紫の蝶を見て車道に飛び出した由夏をかばって、一希の父親は車にはねられてしまった。

  嵯峨 「それで桜庭さんは君のことを…。でもそれって事故だ。君が殺したんじゃない」
  由夏 「そんな風に慰めないでよ。覚えているだけでもこんな過去しか私には無いの。
      本当はこれ以上、何も思い出したくなんかない」

[東都大学付属病院 庭]

翌日。一人散歩している由夏に、困ったことがあるなら…と倉沢が声を掛ける。

  由夏 「想い出したくない辛い記憶まで取り戻す必要があるのでしょうか?」

倉沢は記憶により人は成長していくのだと助言する。

  倉沢 「確かに他人と過去はかえることはできません。
      でもね、自分と将来というのはいつからでも変えていけるんです」

その倉沢のアドバイスにより、嵯峨の治療を受けることを改めて決意する由夏。

[東都大学付属病院 廊下]

嵯峨が看護婦と話をしている。そこに由夏が車椅子でやってくる。

  由夏 「嵯峨先生、診察お願いします」

[東都大学付属病院 嵯峨の診察室]

改めて嵯峨は由夏の催眠治療を開始する。

  嵯峨 「それでは、今度は、橋をイメージしてください。
      その橋はとても高い所にあって、素晴らしい眺めです。
      あなたはその橋を渡って時間をどこまでも溯る事ができるのです。
      その橋の上にいれば、あなたには何も危険な事が起こりません。
      激しい炎もそこには届きません。
      恐怖も嫌な思いも全く感じる事なく、時間を溯ることができるのです。
      さぁ時間を溯って、希望の園のクリスマス会の前まで旅をしてみましょう」

そして、前回と同じく炎の恐怖に怯える由夏。嵯峨は安全な橋の上にいるという暗示を由夏に与え続ける。そして、由夏がその炎の中に見た光景は:

  由夏 「お母さんが、お母さんが誰かに殺されてた…」

ああ、やだー、この展開は何かやだー。
由夏ちゃんの中に眠る記憶が"お母さんが目の前で殺された光景"というのは、なんかありがち (『眠れる○』みたい…) で、ちょっと嫌だった。もっと意外なことを期待しちゃうのは私の悪い癖なのかもしれないけど(^^;)。

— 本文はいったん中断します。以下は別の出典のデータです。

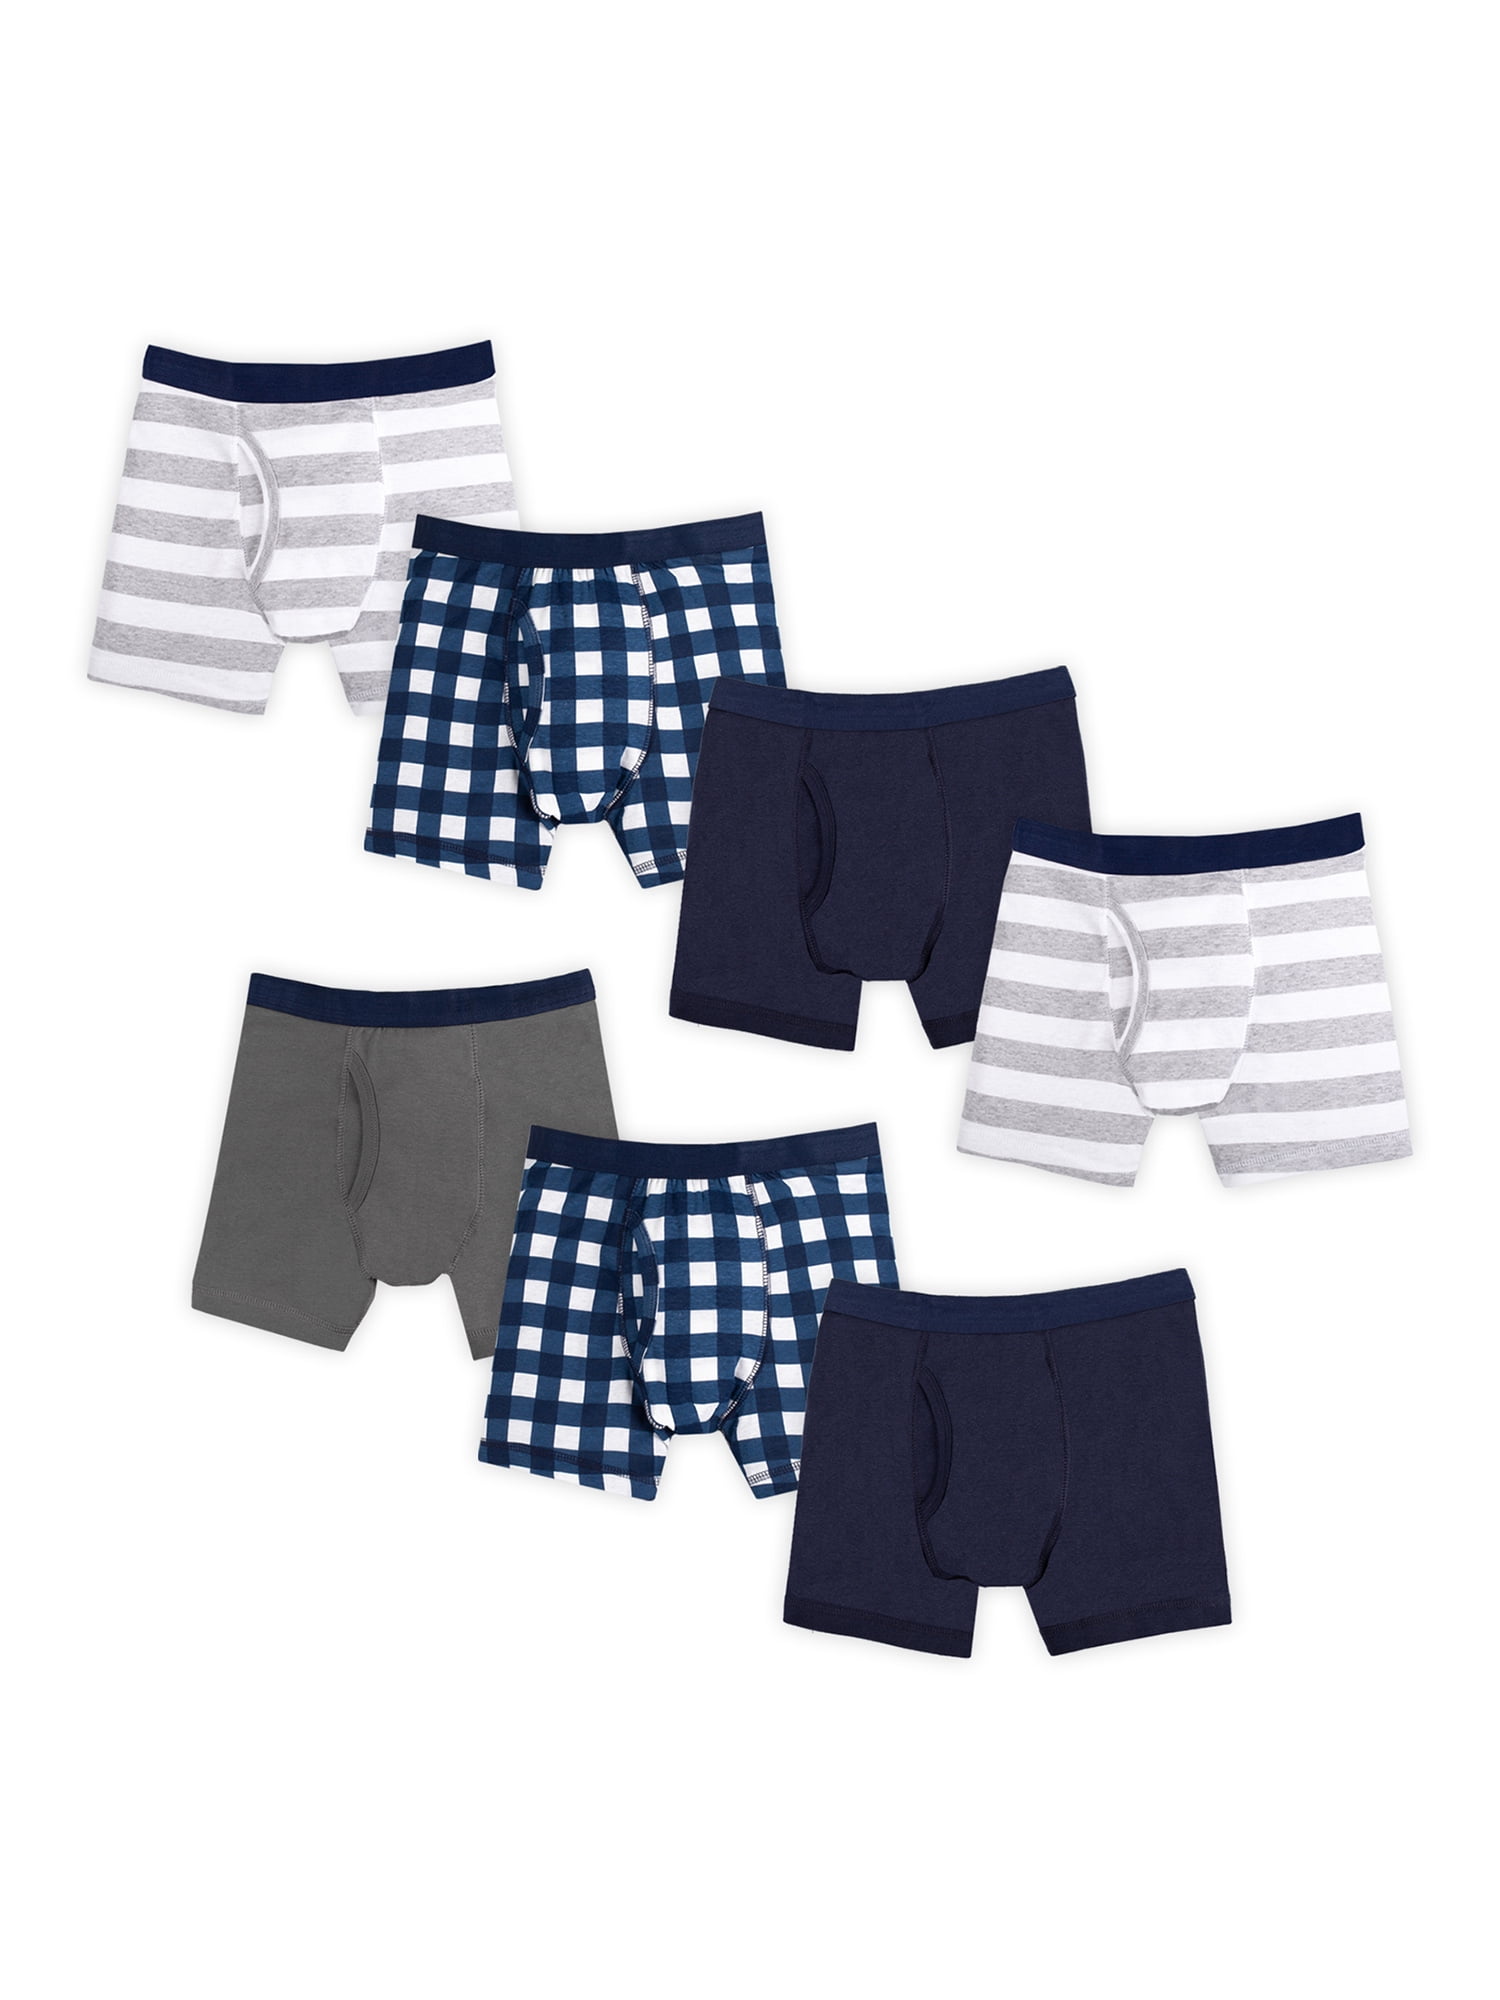 6Pack kids toddler Little Boys' Soft Combed Cotton boxer Briefs Underwear Undies

それに、これまで『血を流さずに殺人を犯す』という点で、ある種、今回のドラマの拘りを感じていたつもりだったのに、包丁で由夏ちゃんの母親を刺殺するなんて〜(涙)。って、別に本気で愚痴ってる訳じゃないんだけどね。


[次回予告]

  嵯峨 「自分から復讐しようなんて考えてないだろうな?」


今回は狩辺先生がリタイアしちゃったのが妙に寂しさを感じた回でした。う〜ん、映画と同様、皆殺し、なんてことにならない事を祈るだけです。
今回は本当に犯人探し、という様相が強くなってきて、改めて今回のドラマってサスペンスだったんだ、ということを思い出してしまいました。とはいえ犯人探しがストーリーのメインになっちゃうのも嫌なんで、残り3話で、生き残ったキャラがそれぞれ持っている悩みを乗り越えていってくれる話を期待します。